I don't understand why you let her have this much control over you. Why are you hanging around in parking lots waiting for her to call?


You need to go live your life, and leave this sorry heifer in the dust. If she really wanted to be with you, she would move heaven and earth. But all those excuses she's giving you is flat-out telling you that you are not important to her. There is nothing medically wrong with her.


Point blank? F*ck her.


I'm serious. I would give her the Heisman, and be done with it. My time is far too important to waste it on a flaky assclown like her.
I totally get what you're saying and I have felt these exact feelings over the past few months. But they've alternated with worry because this is a significant change for her and coupled with the physical symptoms, I've been worried about her.

But I'm near the end of my rope.

There is going to be a change, whether she's got something wrong with her or not. For the record, I DO think there's something wrong with her, but even so, she still needs to be more courteous toward me. I don't think any adult woman "owes" me a detailed explanation, but I do think that a friend should at least either manage to be courteous or give her friend some sort of explanation as to why she can't manage it - and "I have a caffeine withdrawal headache/my cousin called me and time got away from me/I feel sluggish because I've gained four pounds," is NOT cutting it with me.

That's what I'm going to tell her the next time she flakes on me. And there will be a next time -there's no doubt in my mind.

Here is my exact speech for when this happens again:

"____, listen - I've been concerned about you for awhile, because I honestly believe there's something wrong with you - either physically or mentally, or both.
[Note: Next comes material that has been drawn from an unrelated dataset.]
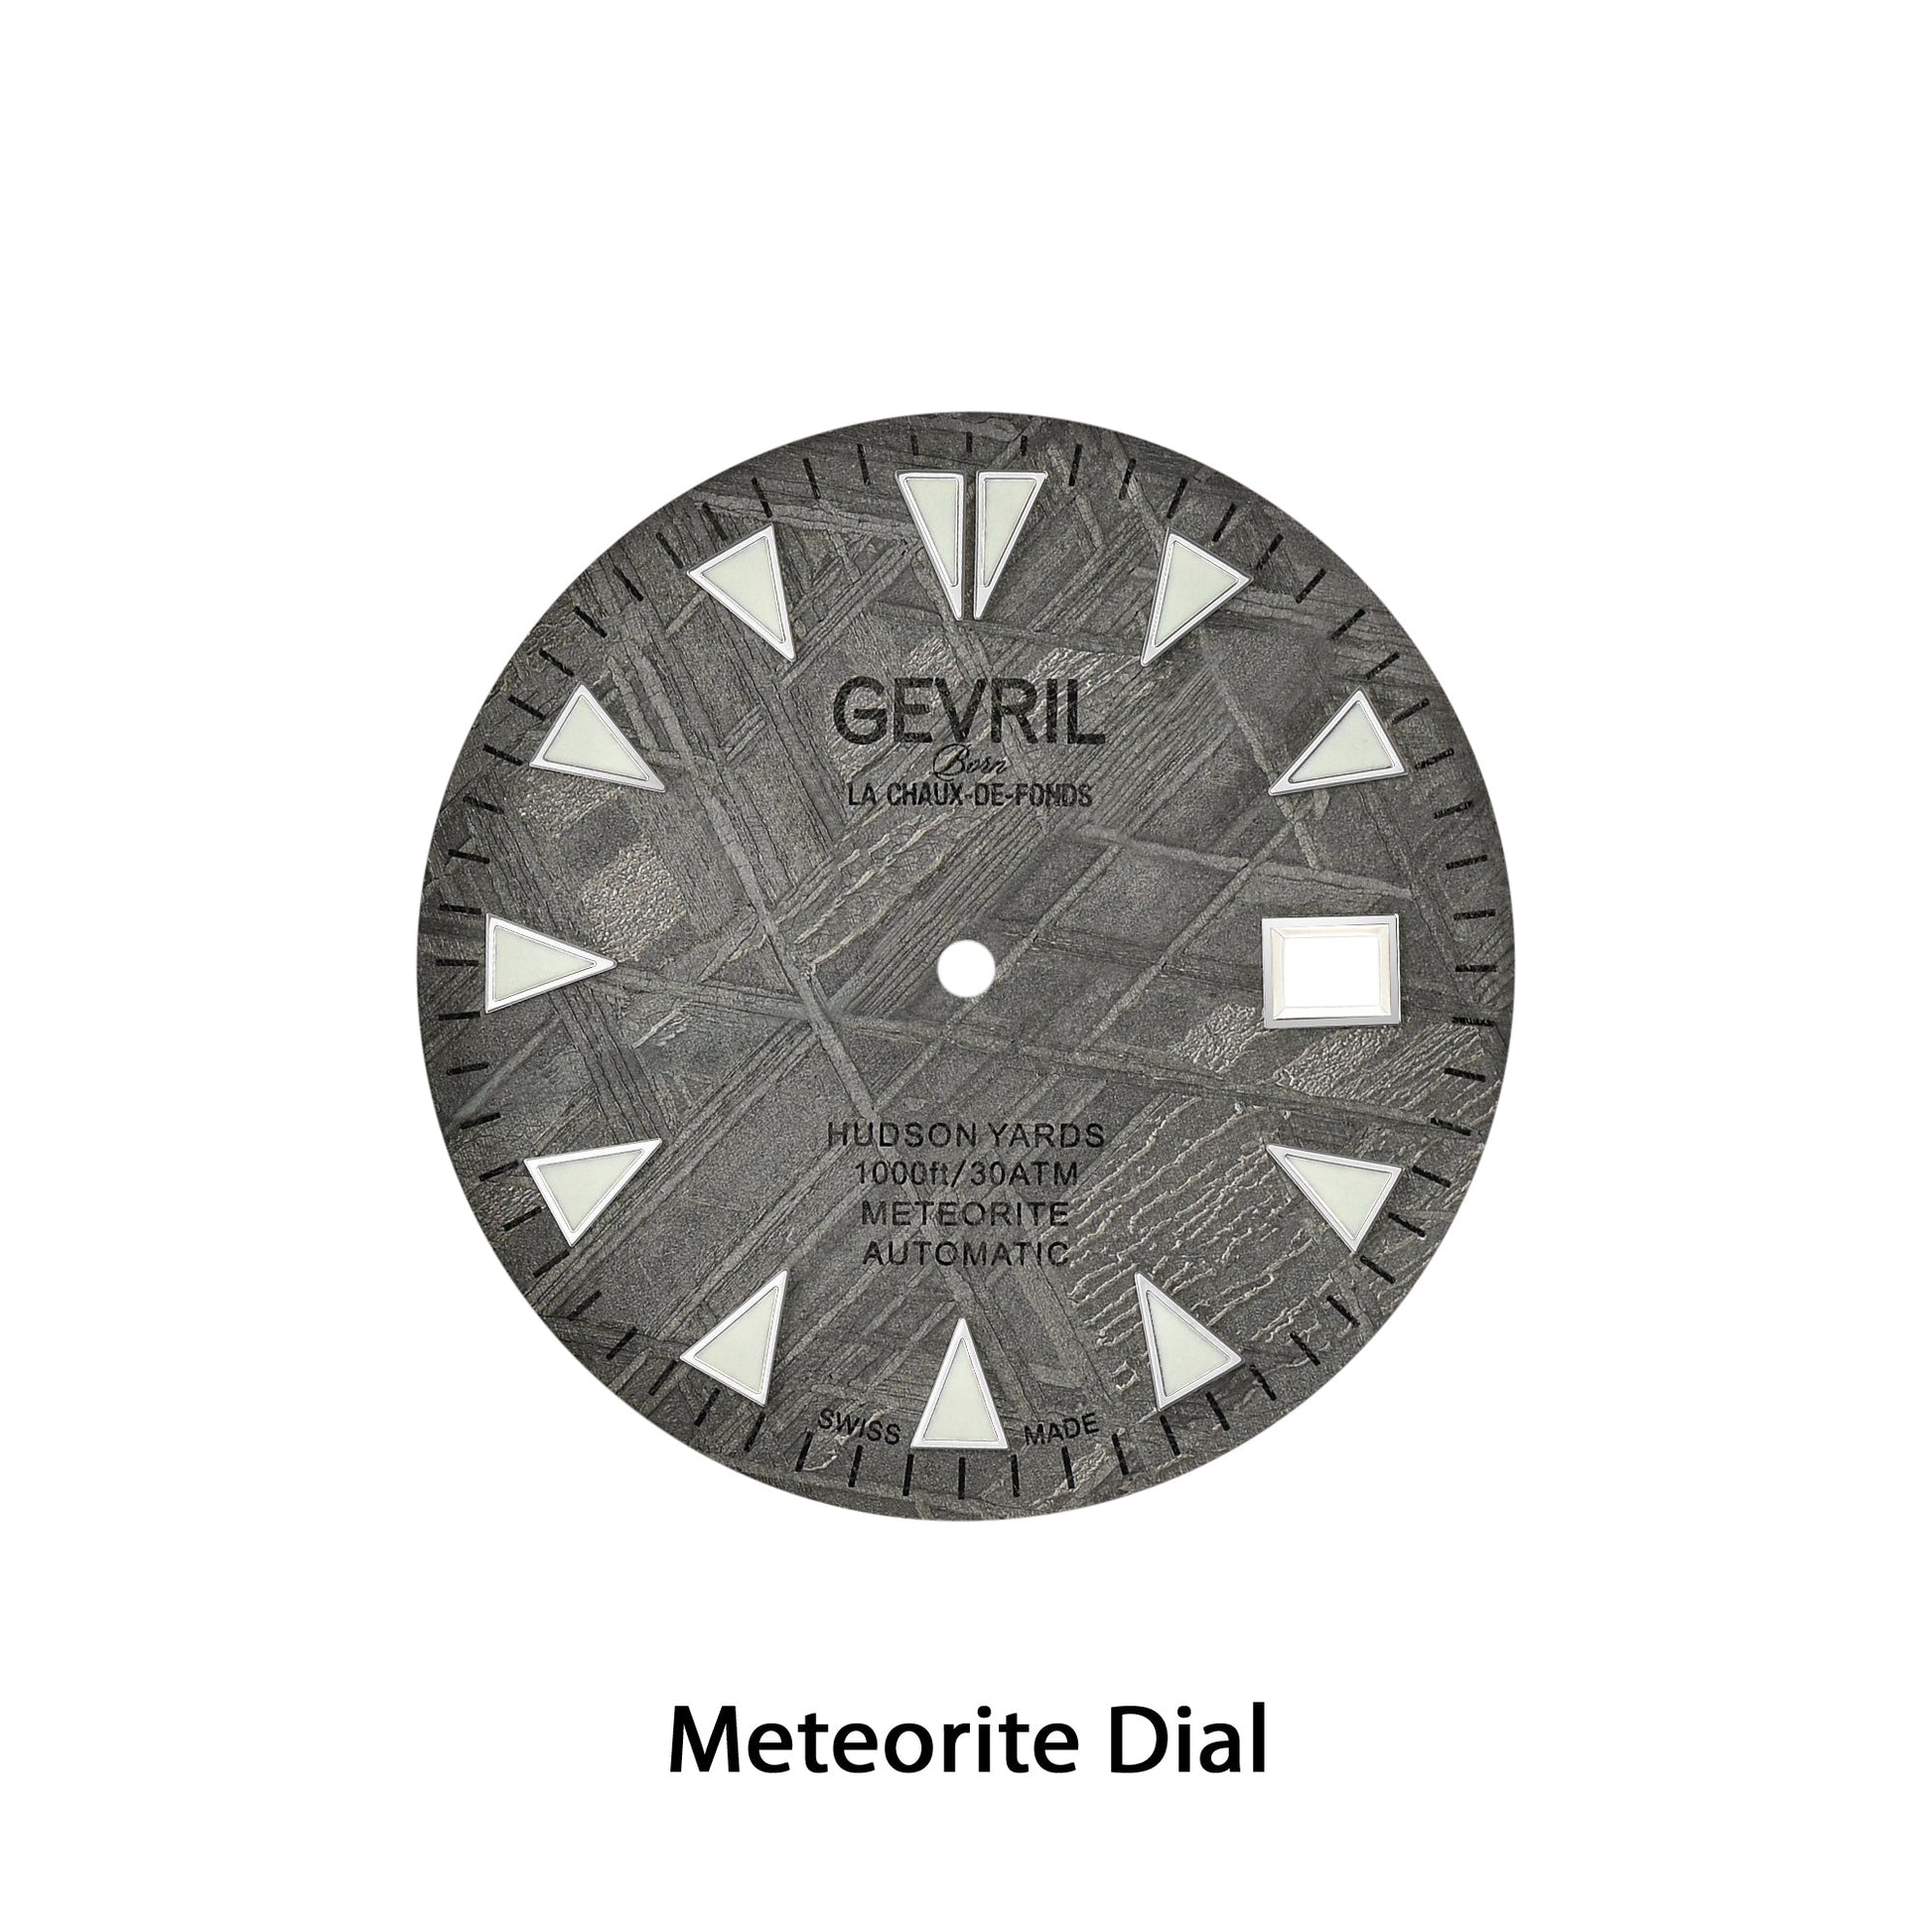 Gevril-Luxury-Swiss-Watches-Gevril Hudson Yards - Diver - Meteorite Dial-48851B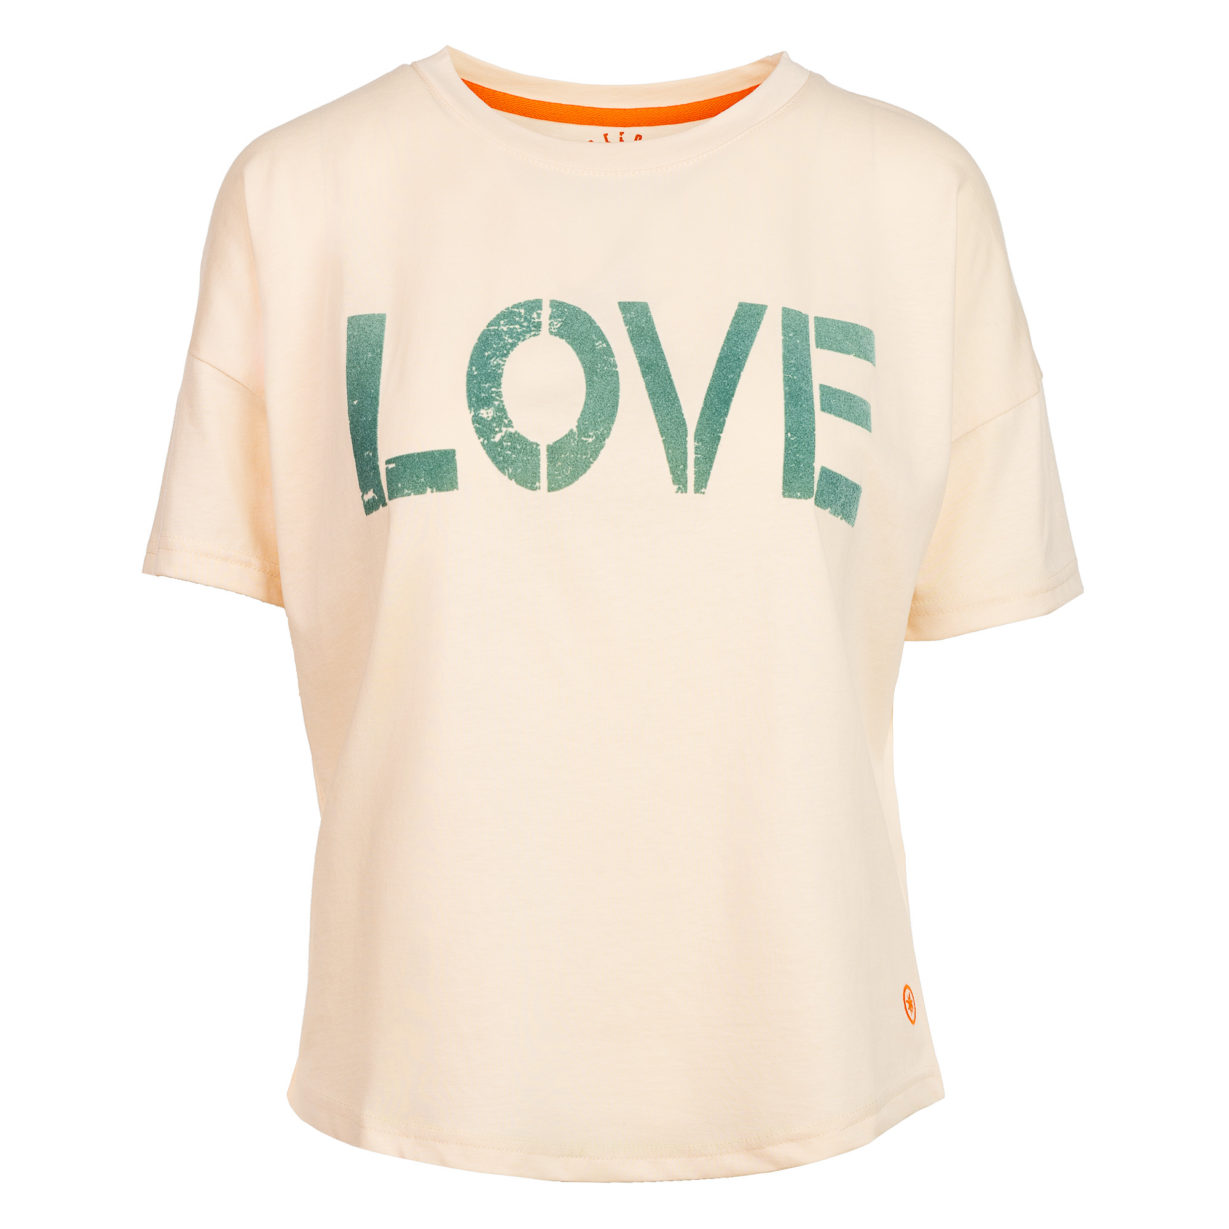 Idske - T-Shirt mit Love Print in Bottlegreen

I've tried to talk with you about this, but so far I haven't gotten any real answer from you about your behavior - only very irritating excuses. If those truly are the reasons why you're brushing me aside, you obviously don't care about our friendship. I don't think that's the case, but regardless - I am not going to continue to tolerate this sort of one sided relationship. When you decide to be honest with yourself and me, give me a call and we'll take it from there, but till then, I'm not going to make myself vulnerable to your mistreatment of our friendship. I hate it's come to this."

I am honestly going to memorize this little speech!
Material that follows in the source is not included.